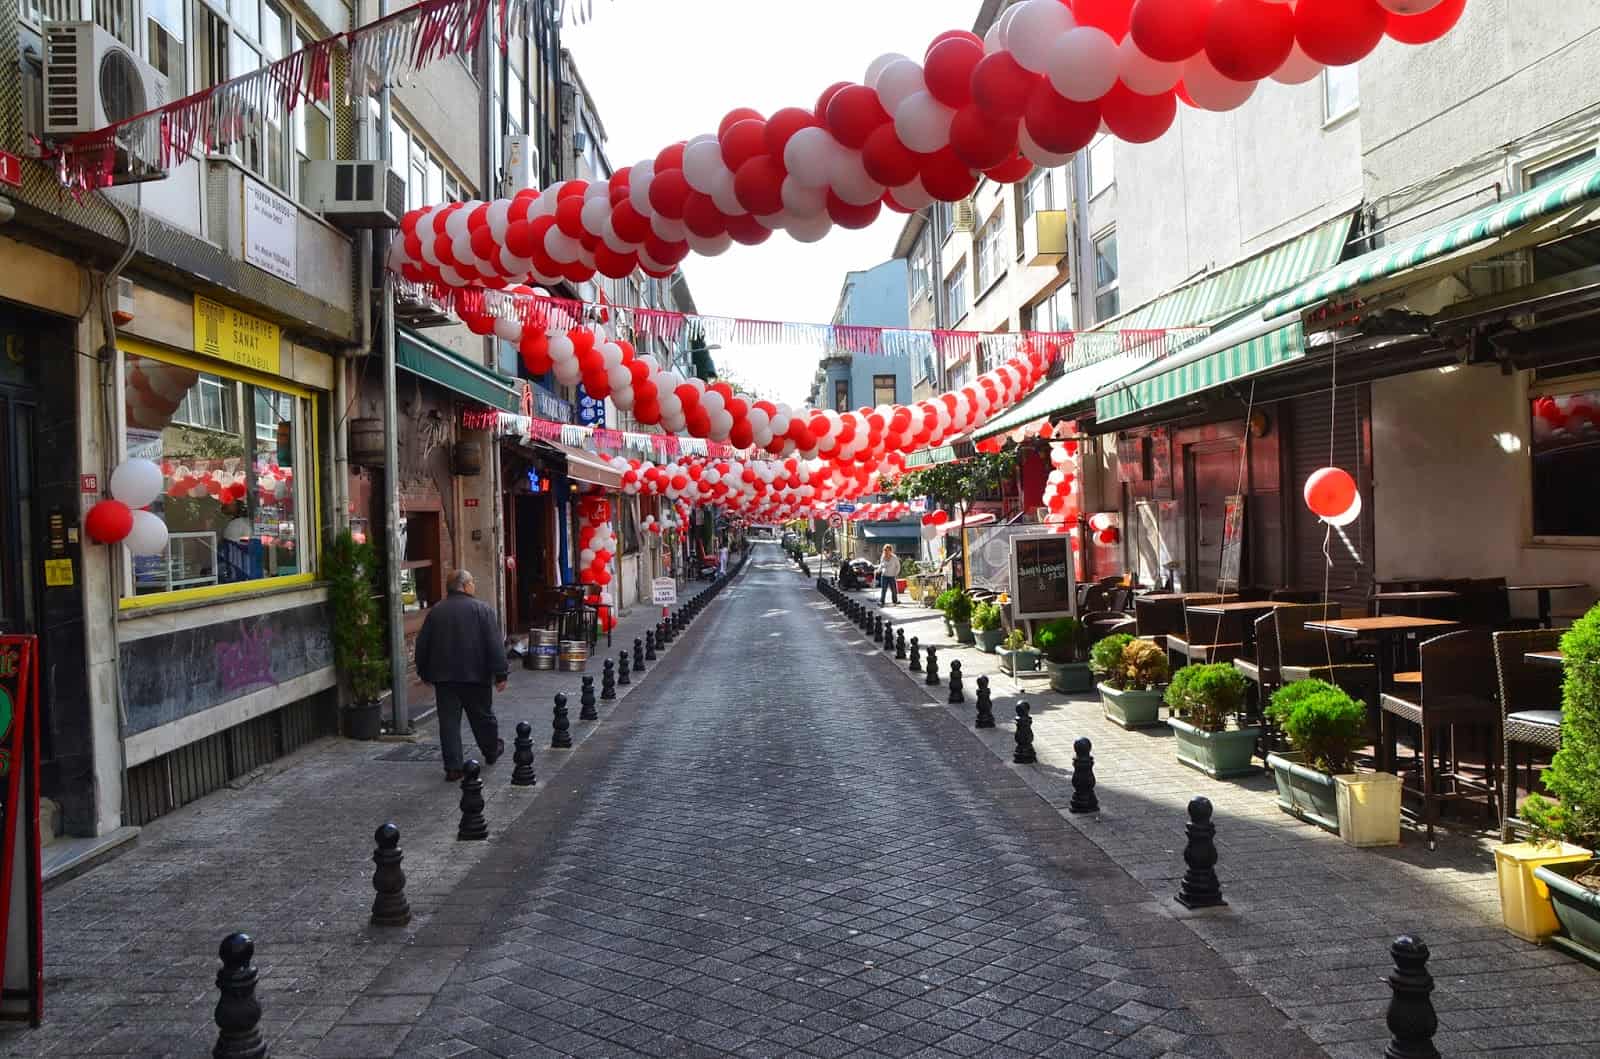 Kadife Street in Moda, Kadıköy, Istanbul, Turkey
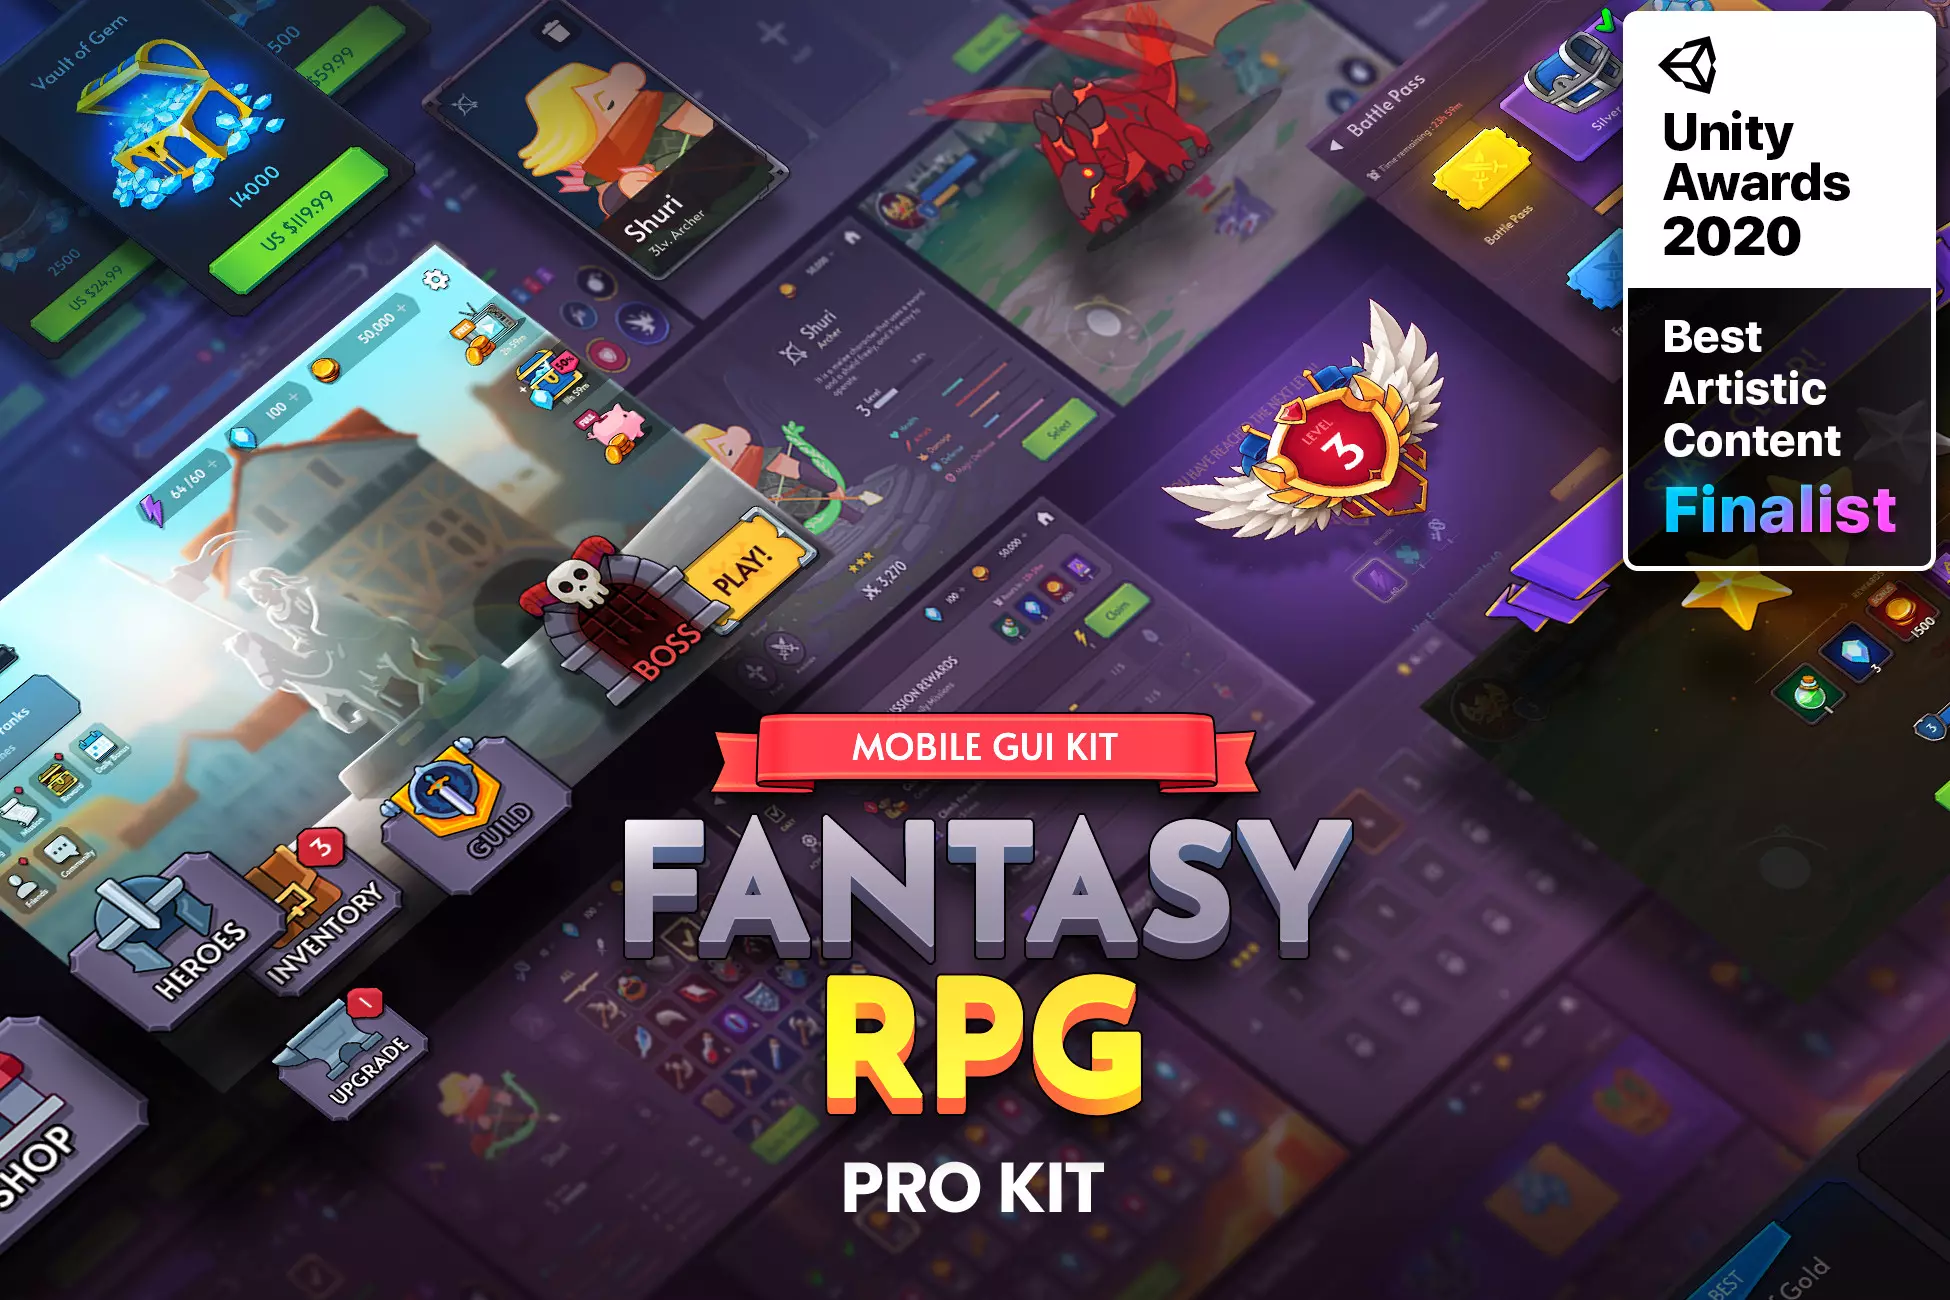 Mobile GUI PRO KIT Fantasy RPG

◇ ◇ ◇ ◇ ◇

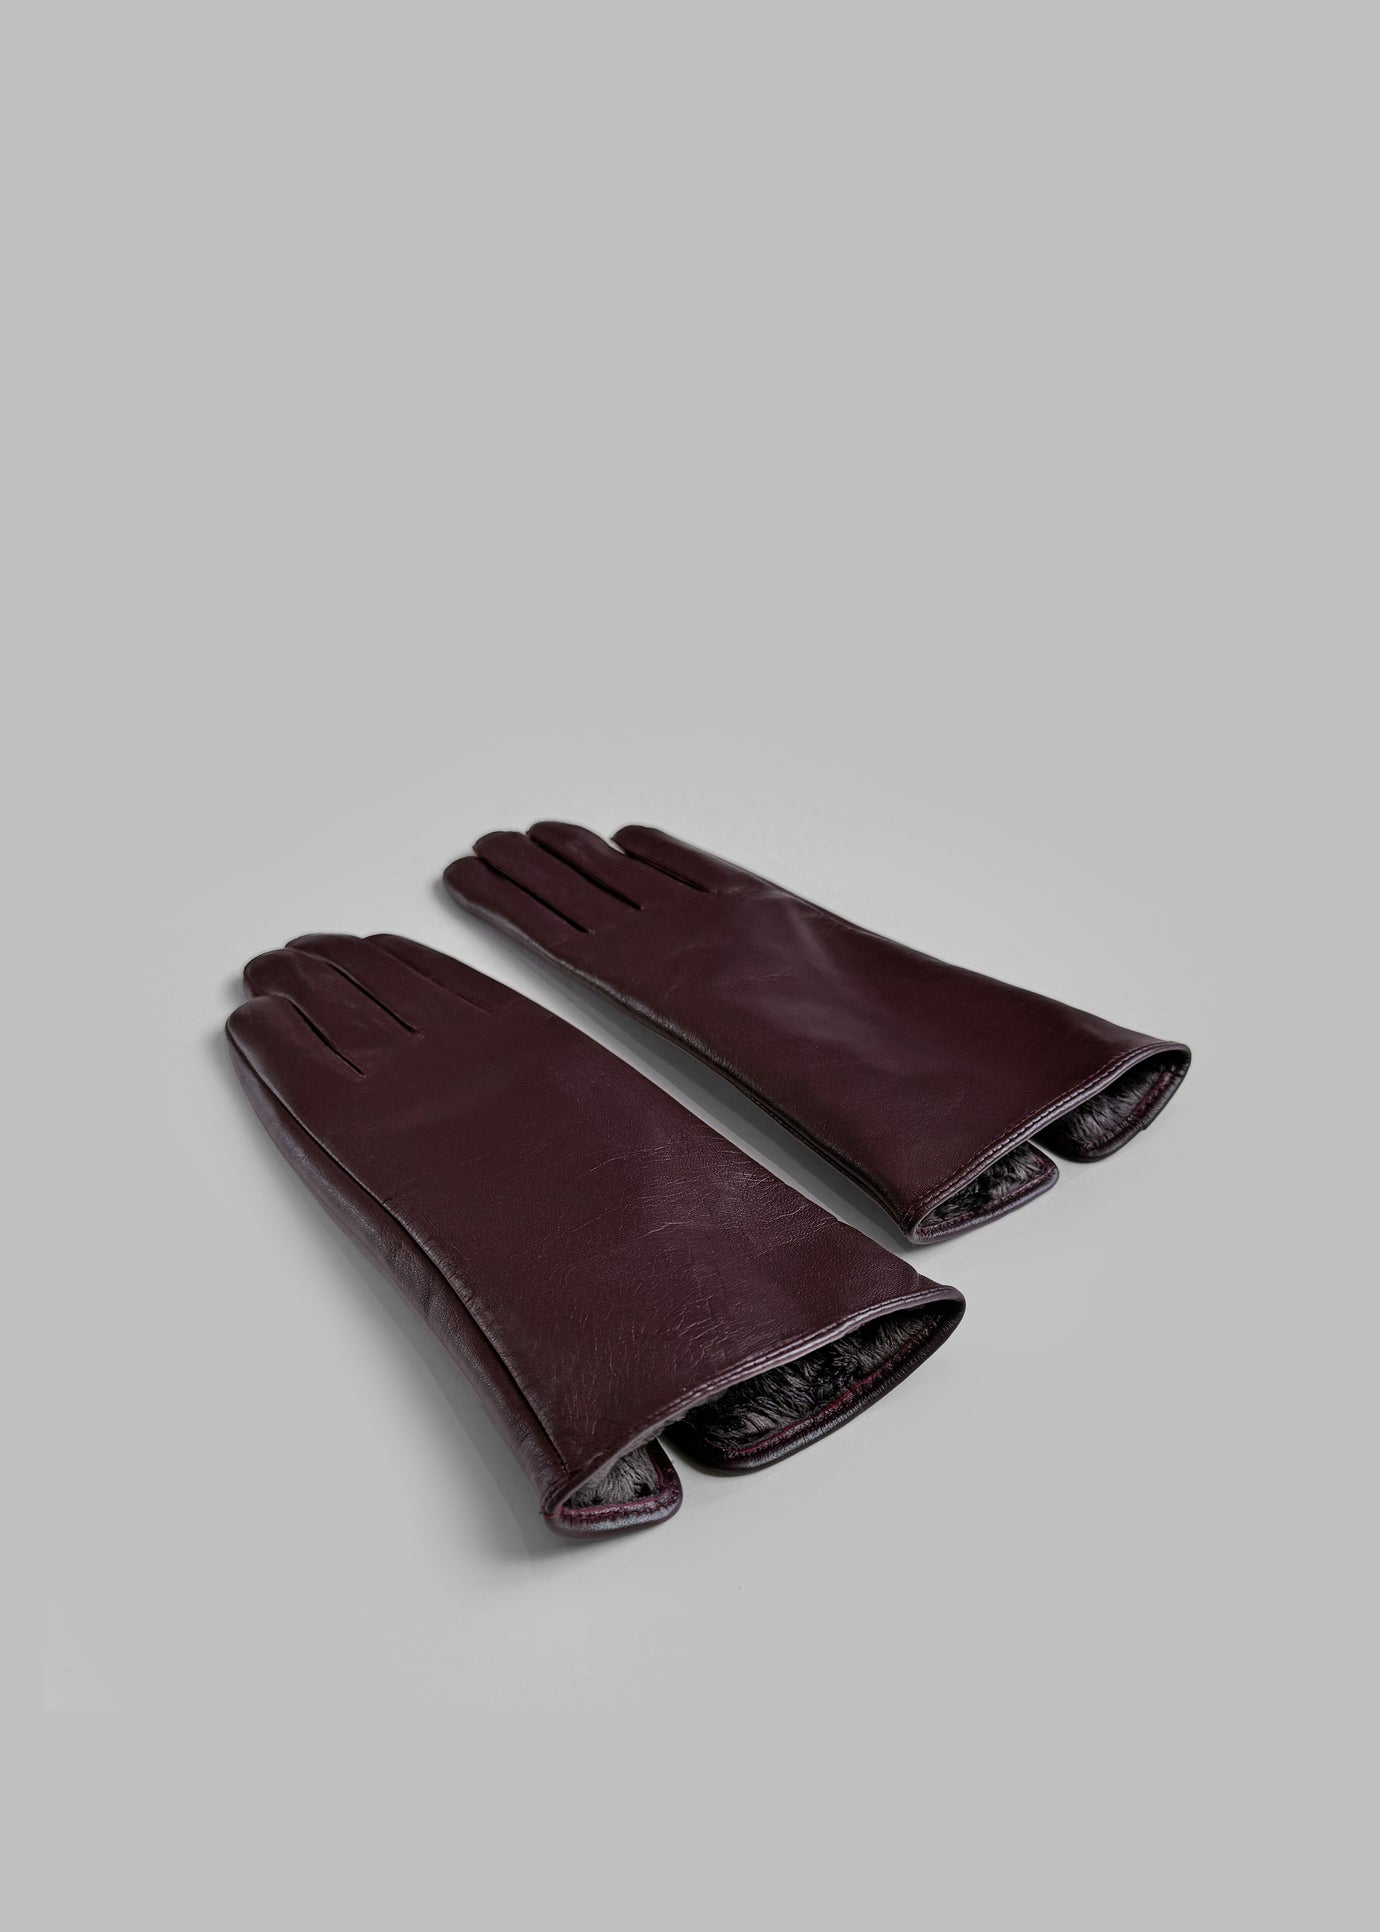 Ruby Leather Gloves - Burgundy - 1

◇ ◇ ◇ ◇ ◇

What the task asks: Starting at the line above that holds "Kadife Street in", return each line up to and including the one that holds "Mobile GUI PRO KIT Fantasy RPG", exactly as written, minus any pictures.

Your response:
 Kadife Street in Moda, Kadıköy, Istanbul, Turkey
 Mobile GUI PRO KIT Fantasy RPG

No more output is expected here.